In a track run, there is up to 1.5 in (38 mm) of growth in the diameter of the wheel-tire assembly, Maley said. This change creates a significant challenge for the electronic control system for the drivetrain, which needs precise information on the speed of the vehicle.
The carbon-fiber body and the high power outputs (which create interference) limit the use of wireless to a GPS signal, which in conjunction with a six-axis accelerometer detects all wheel motion to correct the GPS signal. In addition, there is an airspeed signal as a backup, using a bank of pitot tubes—a variant of the airspeed indicators in planes.
The Bullet 3 has a two-speed transmission, so when the driver requests a shift, the control system slows each motor and then commands the shift. The computer next gradually raises motor speed at a rate of 1000 rpm per second, and at a specific rpm an overrunning clutch engages—a mechanical operation.
The motor is cooled by automatic transmission fluid, which is chilled immediately before the run to reduce its temperature to 25-30°C (77-86°F). During the run, the oil in the motor will rise to about 130°C (266°F).
The clutch and gearbox are not subject to high temperatures, so light racing gear oil is circulated, primarily to lubricate the bearings and reduce friction between gear teeth.
Motor electronics “ice” cooling
The motor electronics require active cooling. The circuit is filled with water, then is partly drained, leaving just enough to keep the pump primed. The system then is filled with ice chips just before the run, and by the time the run is over, all the ice will have melted.
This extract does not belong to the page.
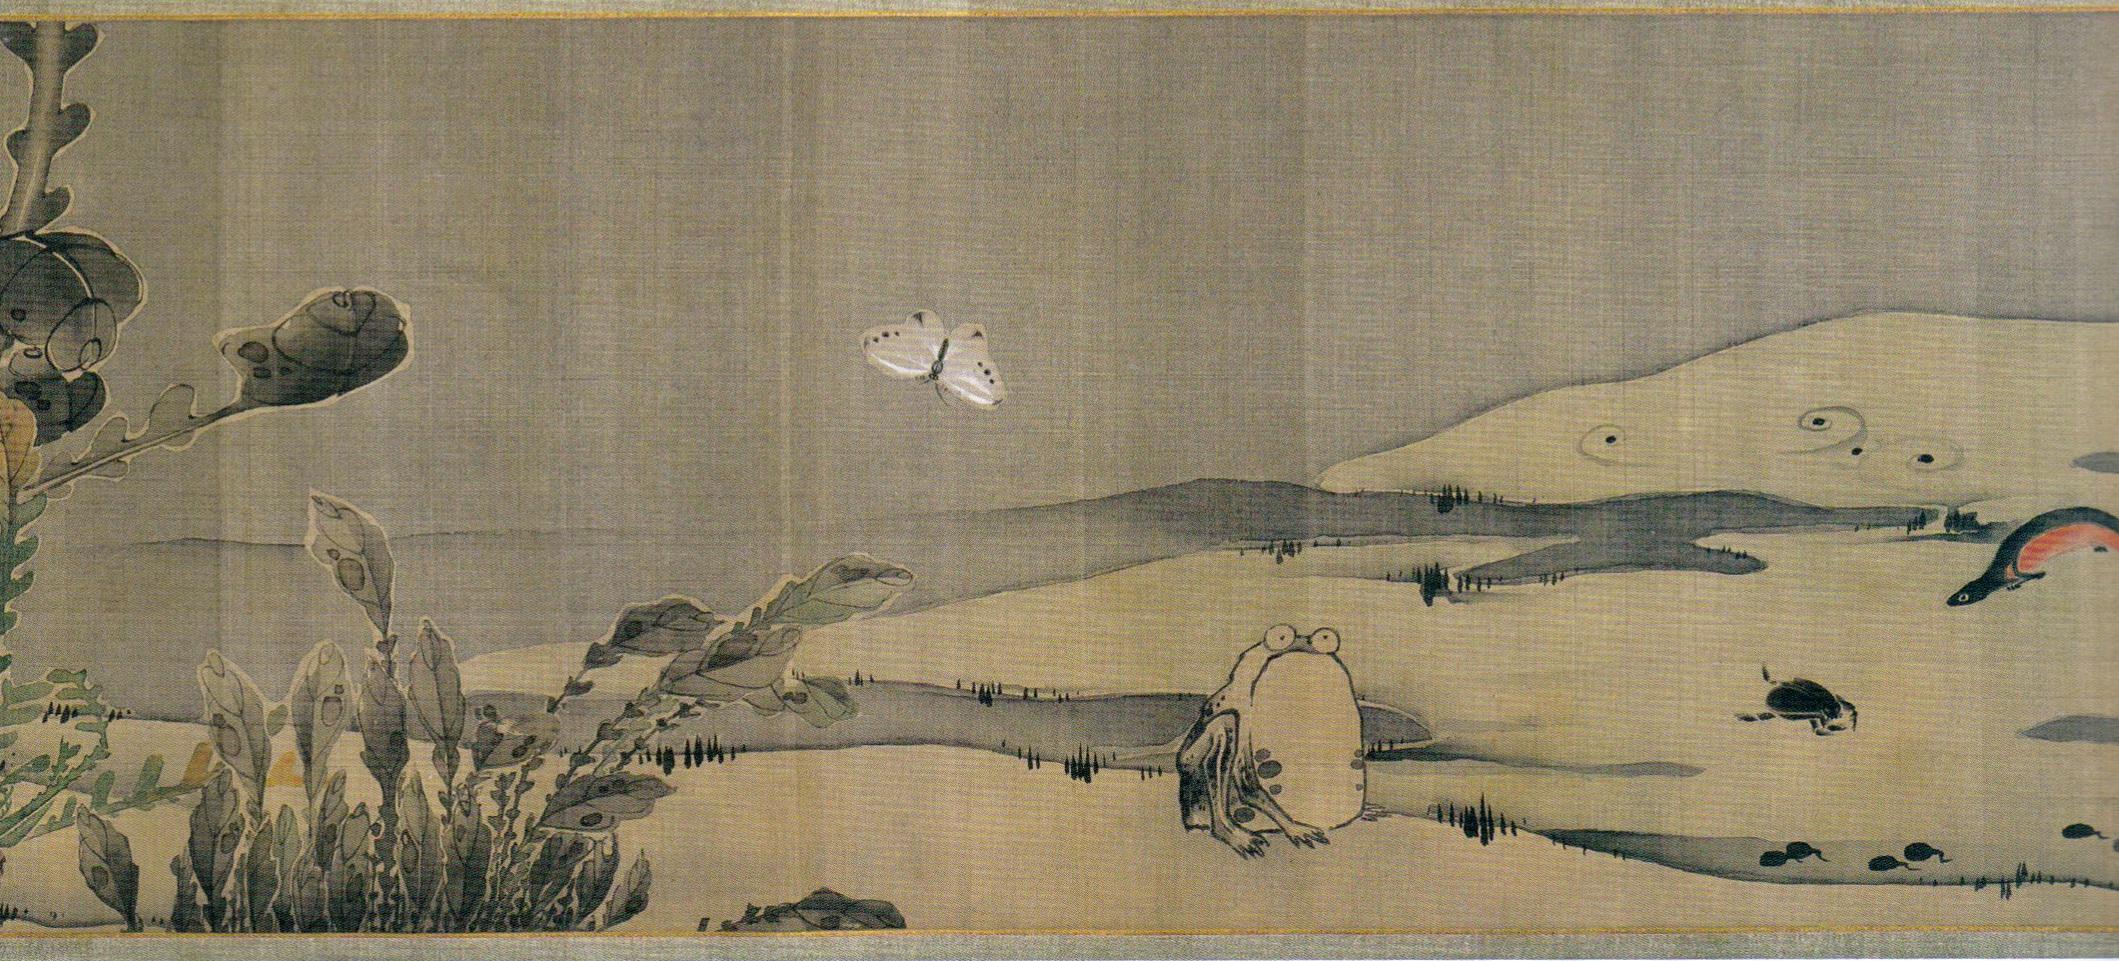 Detail from silk painting titled Sai Chu-fu (Vegetables and Insects) by Ito Jakuchu. Japan, 1790.jpg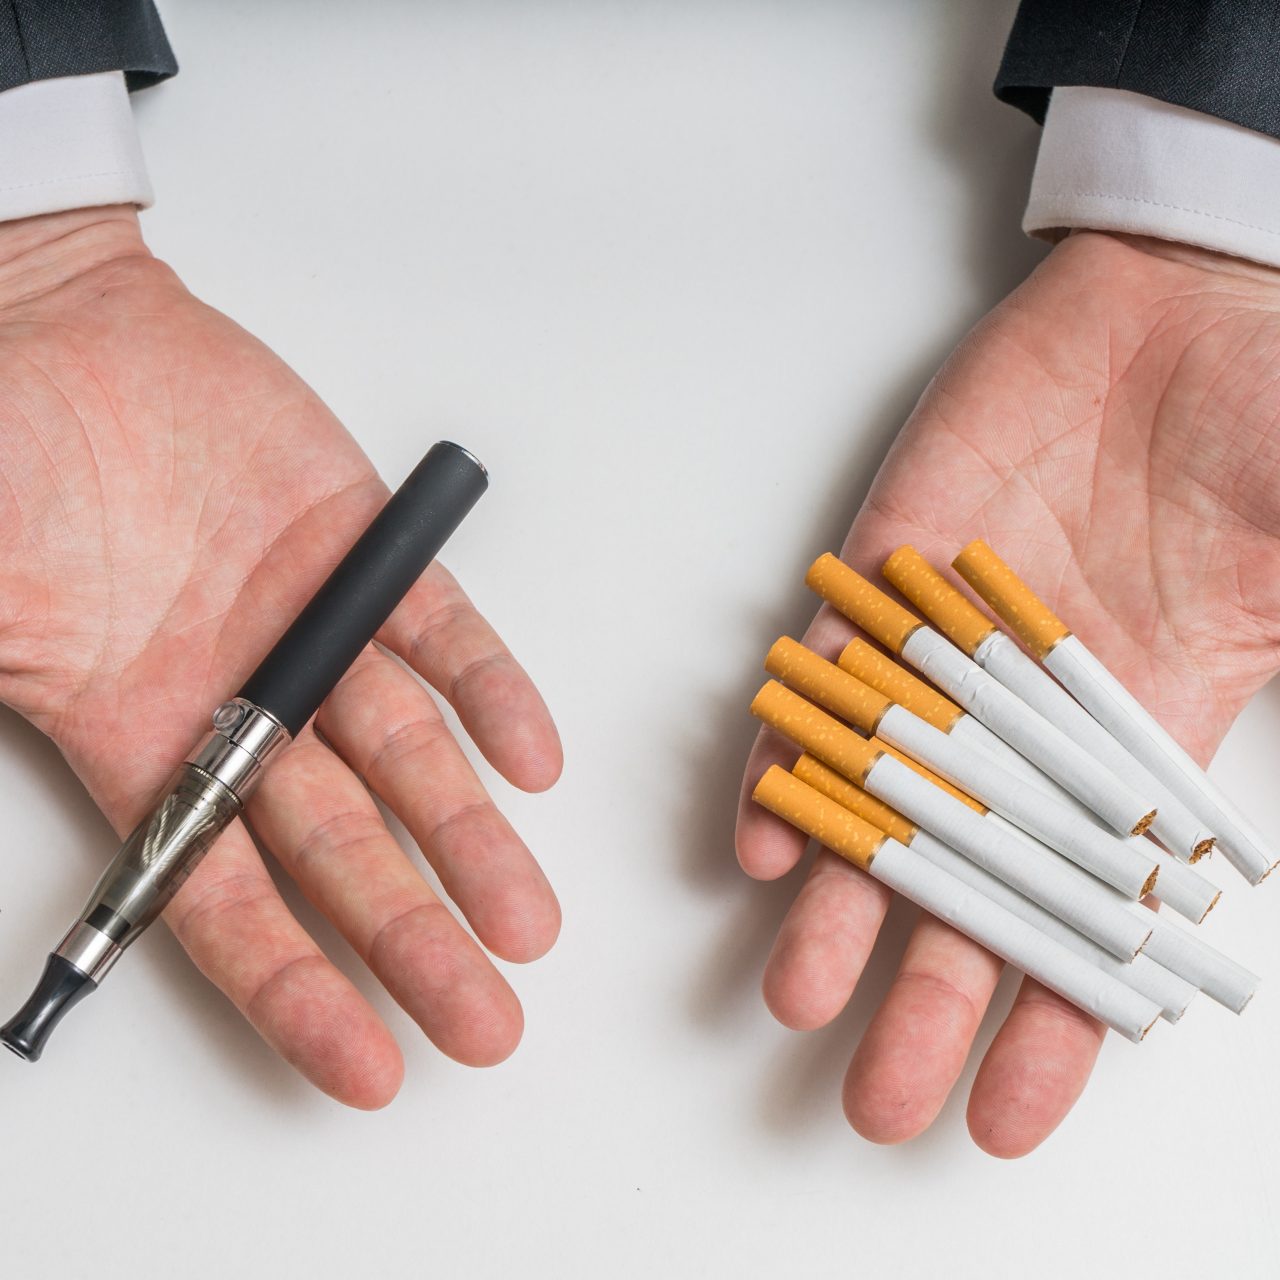 Hands are holding electronic vaporizer and conventional tobacco cigarettes and comparing them.

Vehicle weight “is not your friend when you’re trying to accelerate,” noted Cooke. But he pointed out that the coefficient of friction of the Salt Flats course is just 0.3 to 0.6, which provides half the grip of asphalt. So if the vehicle is too light, there’s a traction issue, Cooke added. However, to get the overall performance needed, the Bullet 3 is heavier than what the team would consider ideal from a standpoint of what is required for traction.
Because acceleration is so important, in the drawing-board phase the OSU team did look at capacitors, which discharge more quickly. However, the batteries chosen maintain a relatively flat voltage curve as they discharge, going from 20% to 90% depletion with little voltage drop, he added. So on balance, they were the best choice, Cooke said.
The braking system uses a combination of aircraft disc brakes and two parachutes to stop the car.
FIA rules for record
The rules for the world land speed record in miles per hour (there also can be runs for a record in kilometers) are set by FIA (Federation Internationale de l’Automobile). Speed is measured over a mile—between mile 5.5 and 6.5 on the 12-mi Bonneville course. The car is run both ways on the same course within an hour, and the two numbers are averaged.
When the vehicle completes its first run, the team has a brief period to prepare for the second run, including recharging the battery pack. There isn’t enough time for a full recharge, Maley said, but it takes only about 20 min for a 20-90+%. So the overall sizing of the battery pack factors this into the design. The charging operation uses a diesel generator (rated at 150 kVA) feeding through a dc battery supply, with the charge rate regulated by a control system from a laptop.
The driver will be Roger Schoer, the performance driver and instructor at the track of the East Liberty, OH, Transportation Research Center, where the OSU team does some of its testing.
Ohio State’s CAR began its EV program by participating in the open wheel Formula Lightning college series that ran through the 1990s. It also has been a participant in Formula SAE, Supermileage SAE, and Baja SAE programs.